### [WHAT THIS TASK INVOLVES]
Retype all of the data word for word, without pictures.
PROVIDED DATA Start Marker
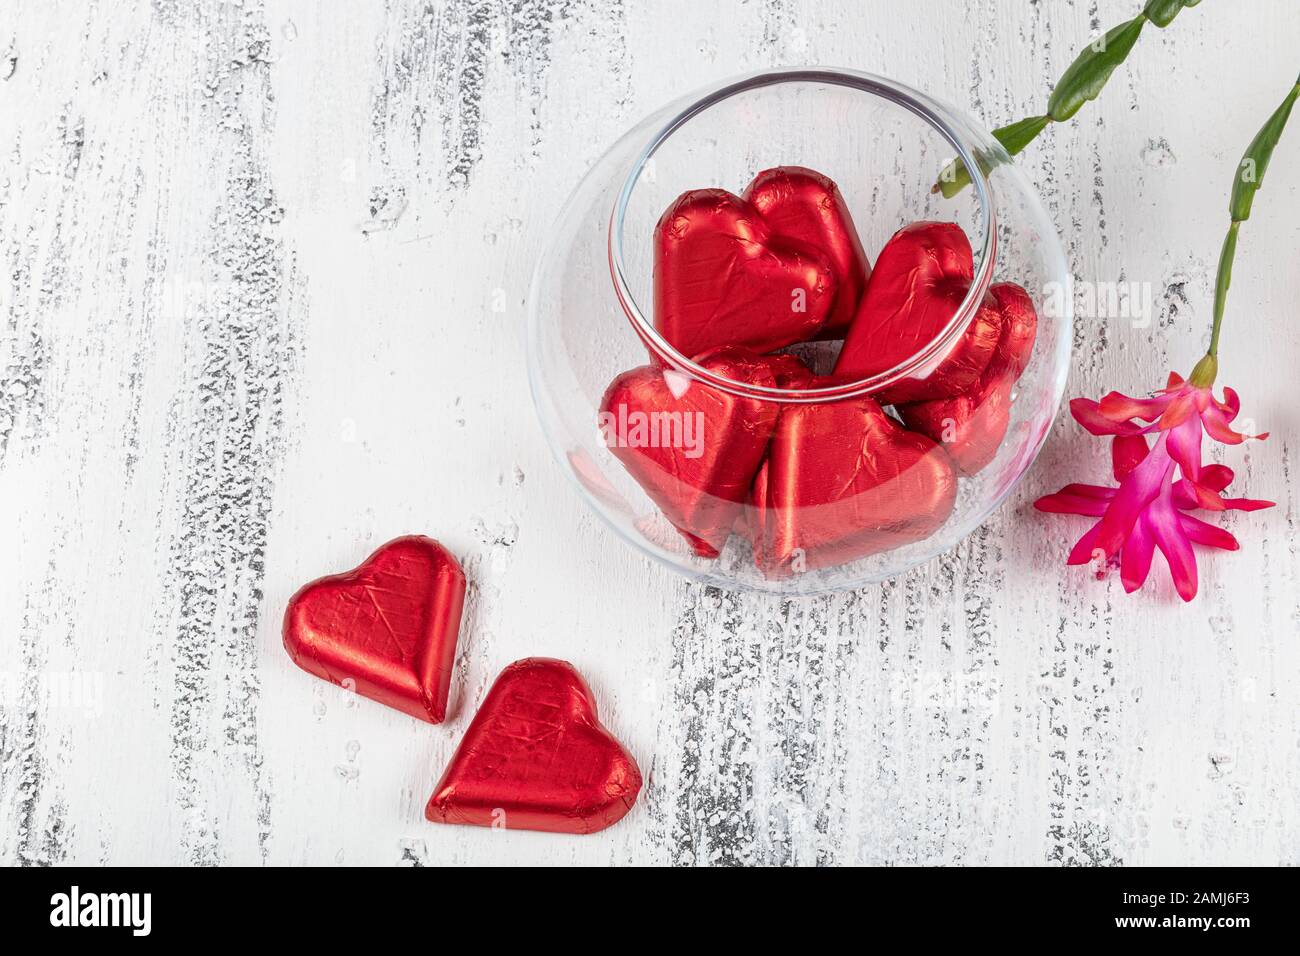 Caramelos de chocolate en forma de corazón envueltos en papel de aluminio  para el día de San Valentín. Día de San Valentín de fondo con chocolates  corazones y rojo febrero flor Fotografía
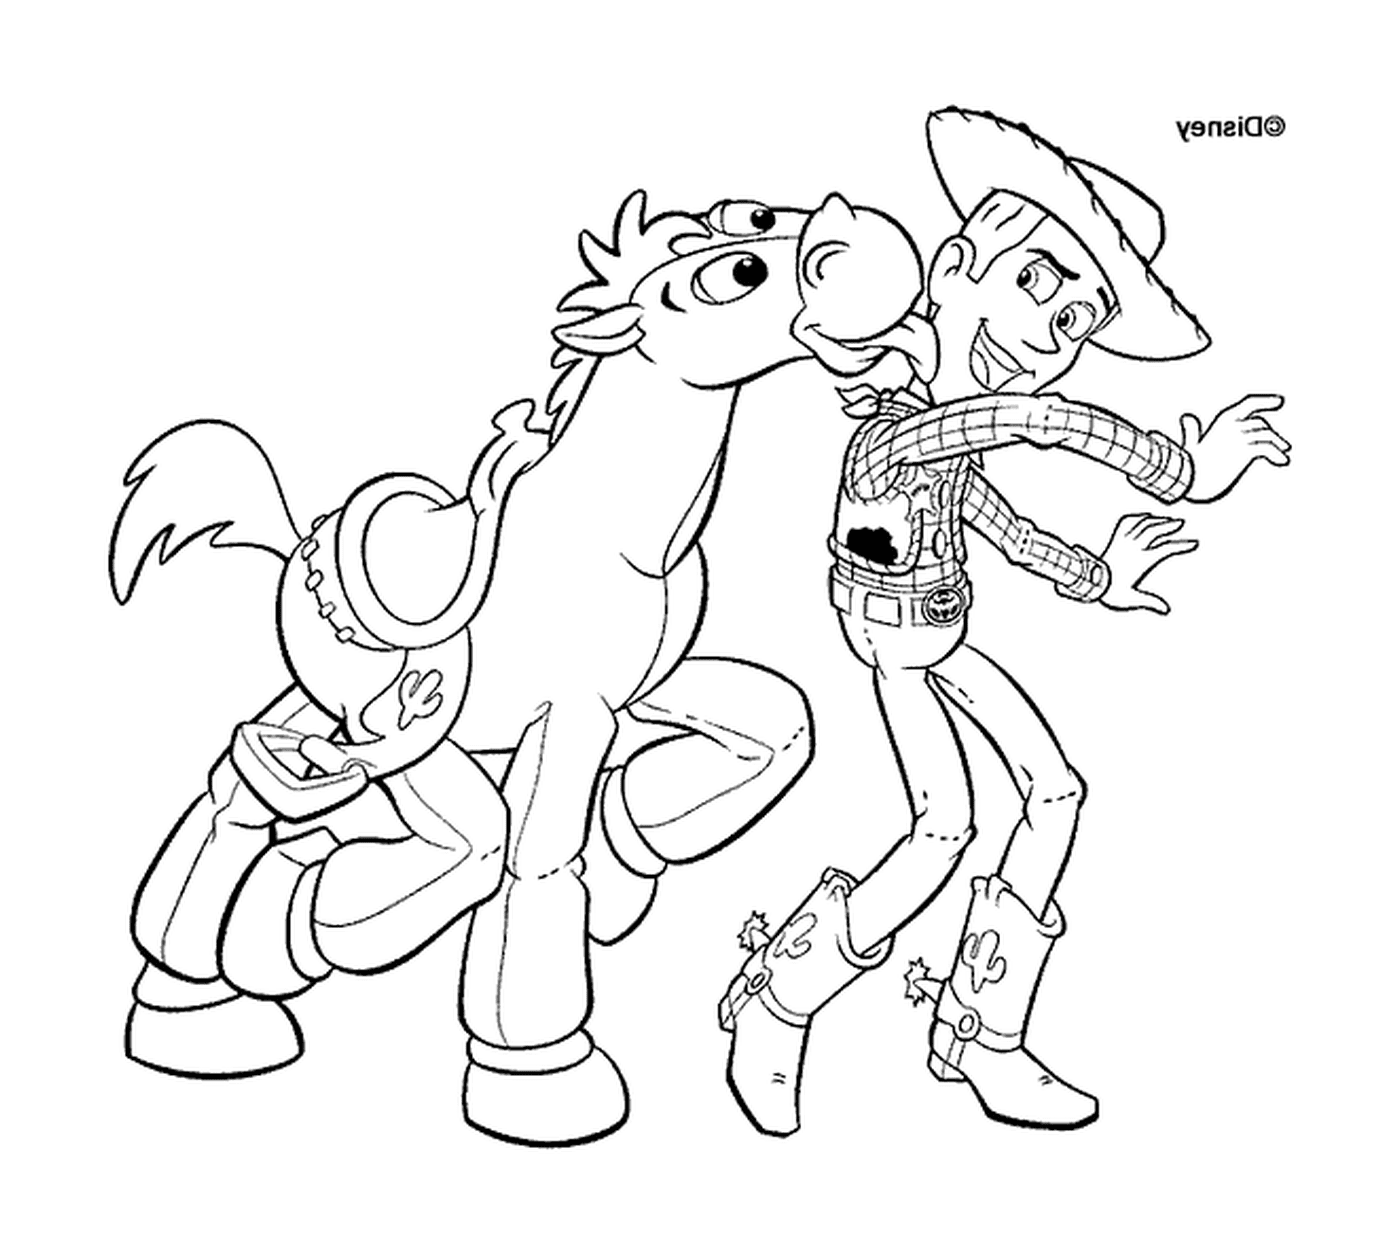  Woody e il suo cavallo, duo inseparabile 
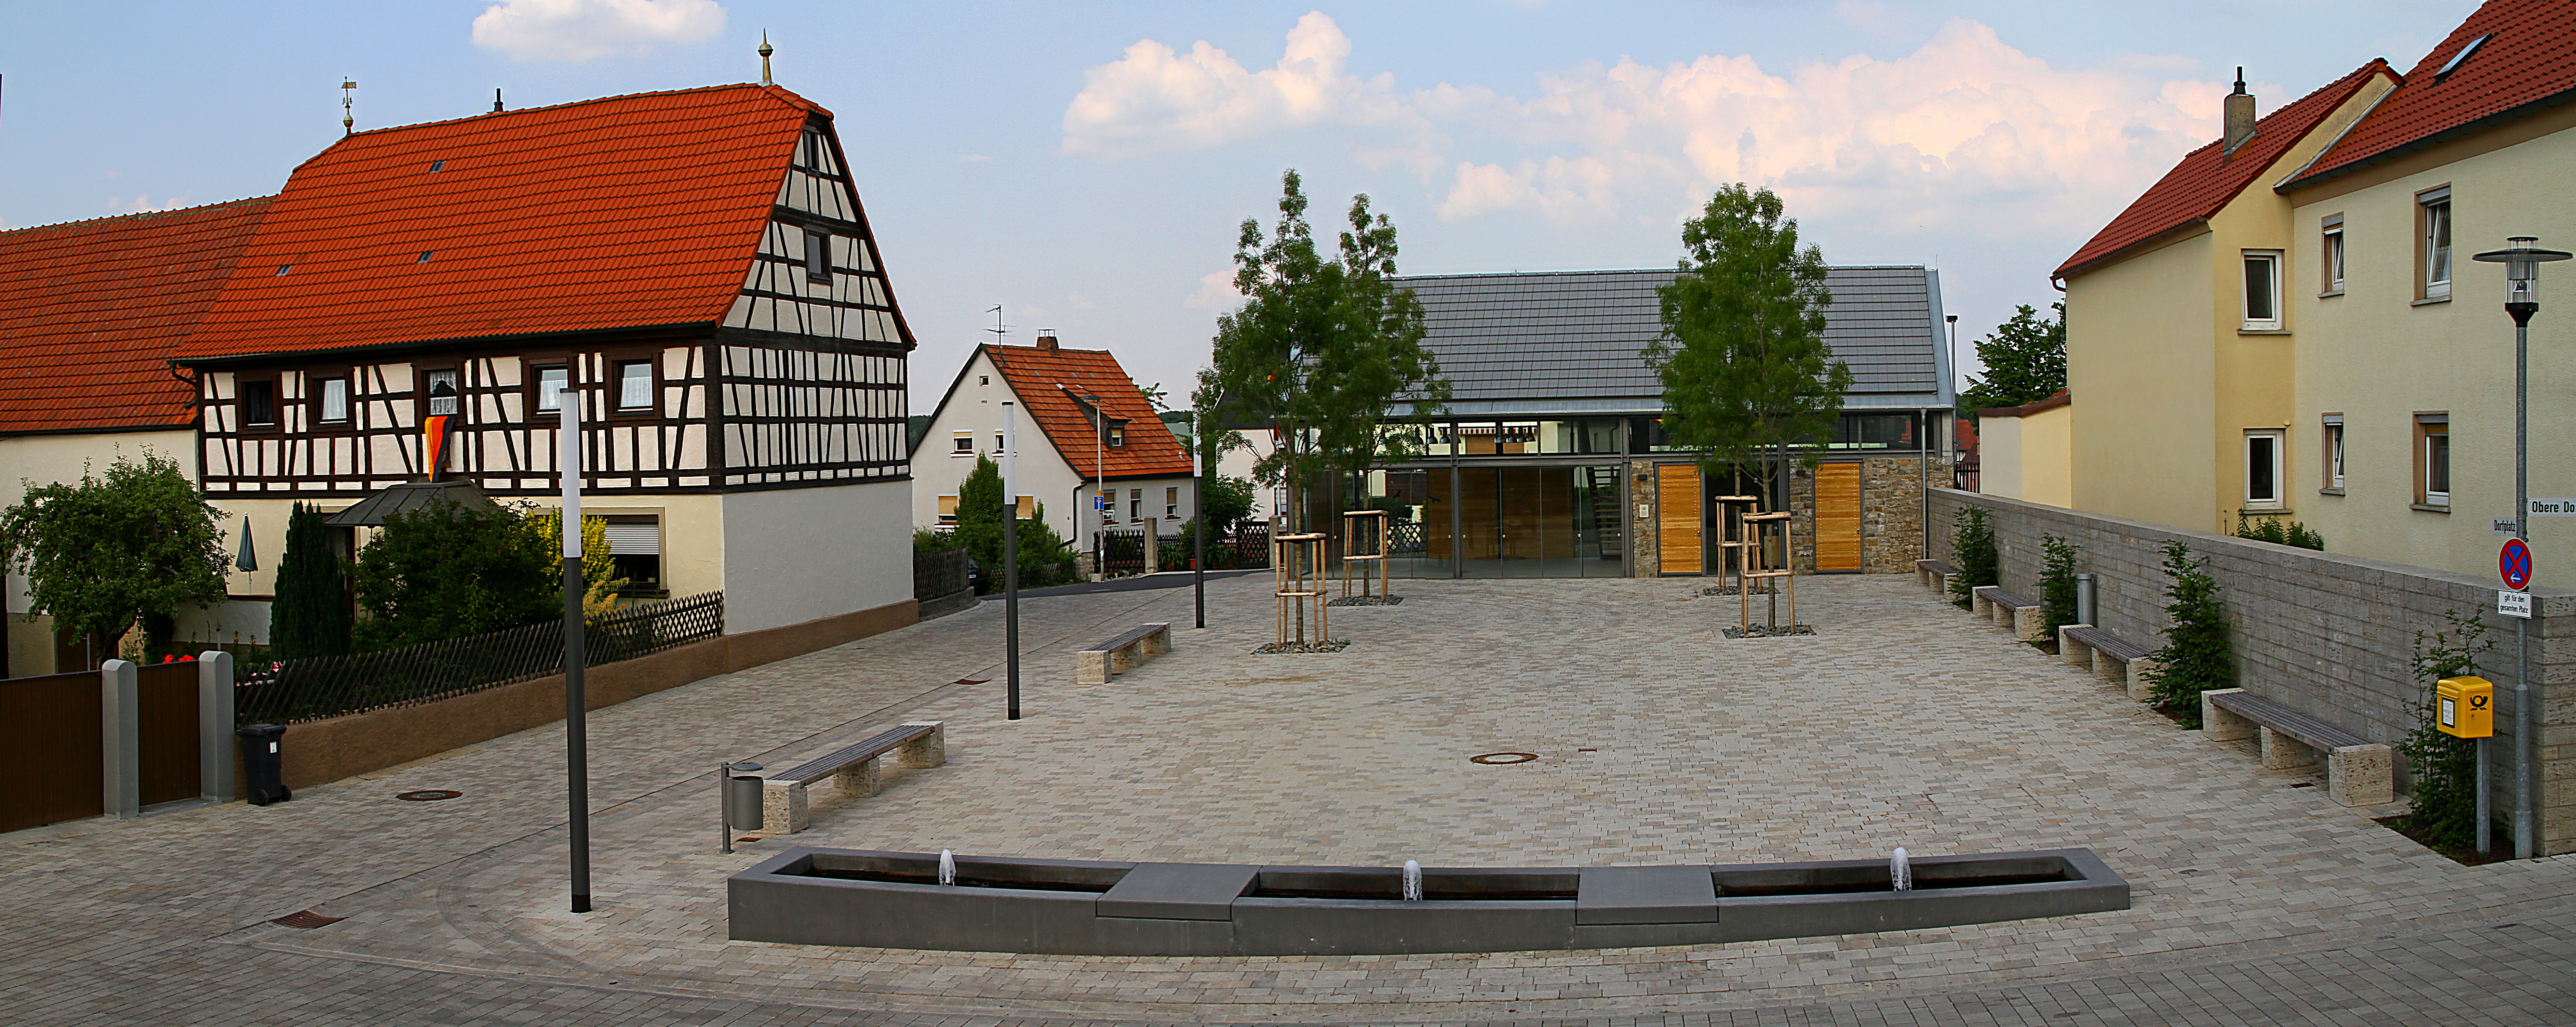 Dorfhaus und Dorfplatz
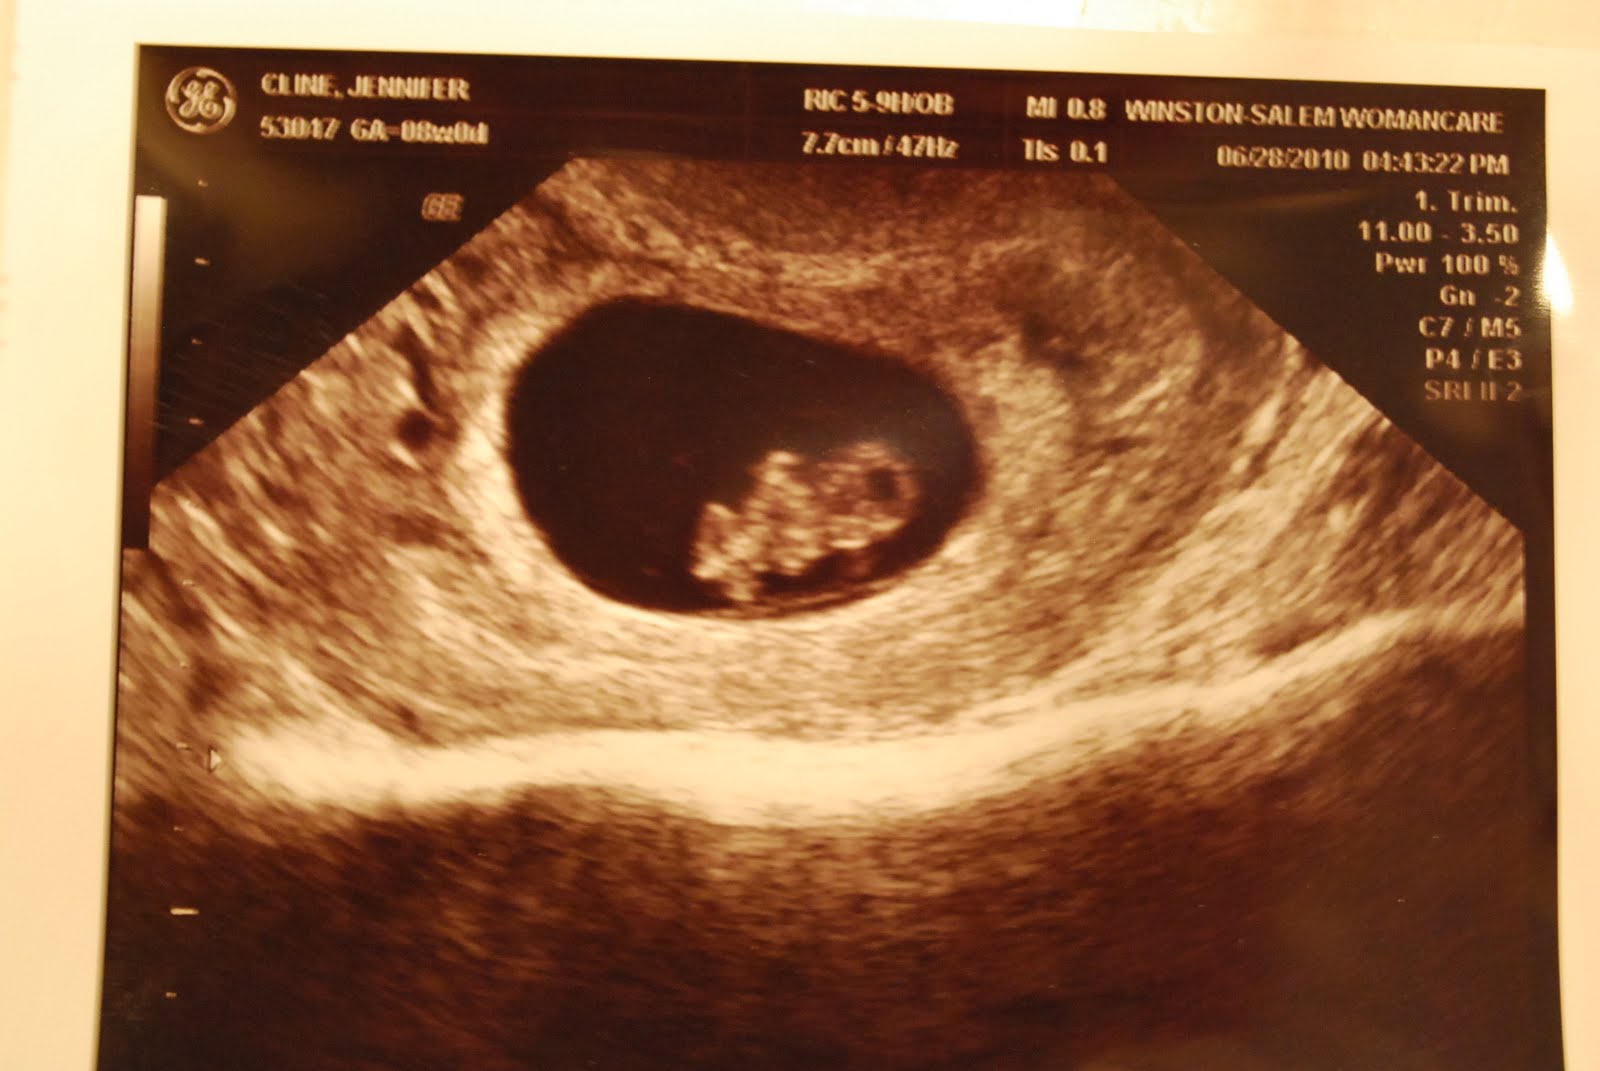 8 неделя 24 года. 8 Недель беременности фото плода на УЗИ. Фото УЗИ на 8 неделе беременности акушерской. Снимок УЗИ эмбриона на 8 неделе беременности. УЗИ на 8 неделе беременности акушерской.
PROVIDED DATA End Marker
### [ANSWER SPACE]
 Caramelos de chocolate en forma de corazón envueltos en papel de aluminio  para el día de San Valentín. Día de San Valentín de fondo con chocolates  corazones y rojo febrero flor Fotografía
  Woody e il suo cavallo, duo inseparabile 
 Dorfhaus und Dorfplatz
 8 неделя 24 года. 8 Недель беременности фото плода на УЗИ. Фото УЗИ на 8 неделе беременности акушерской. Снимок УЗИ эмбриона на 8 неделе беременности. УЗИ на 8 неделе беременности акушерской.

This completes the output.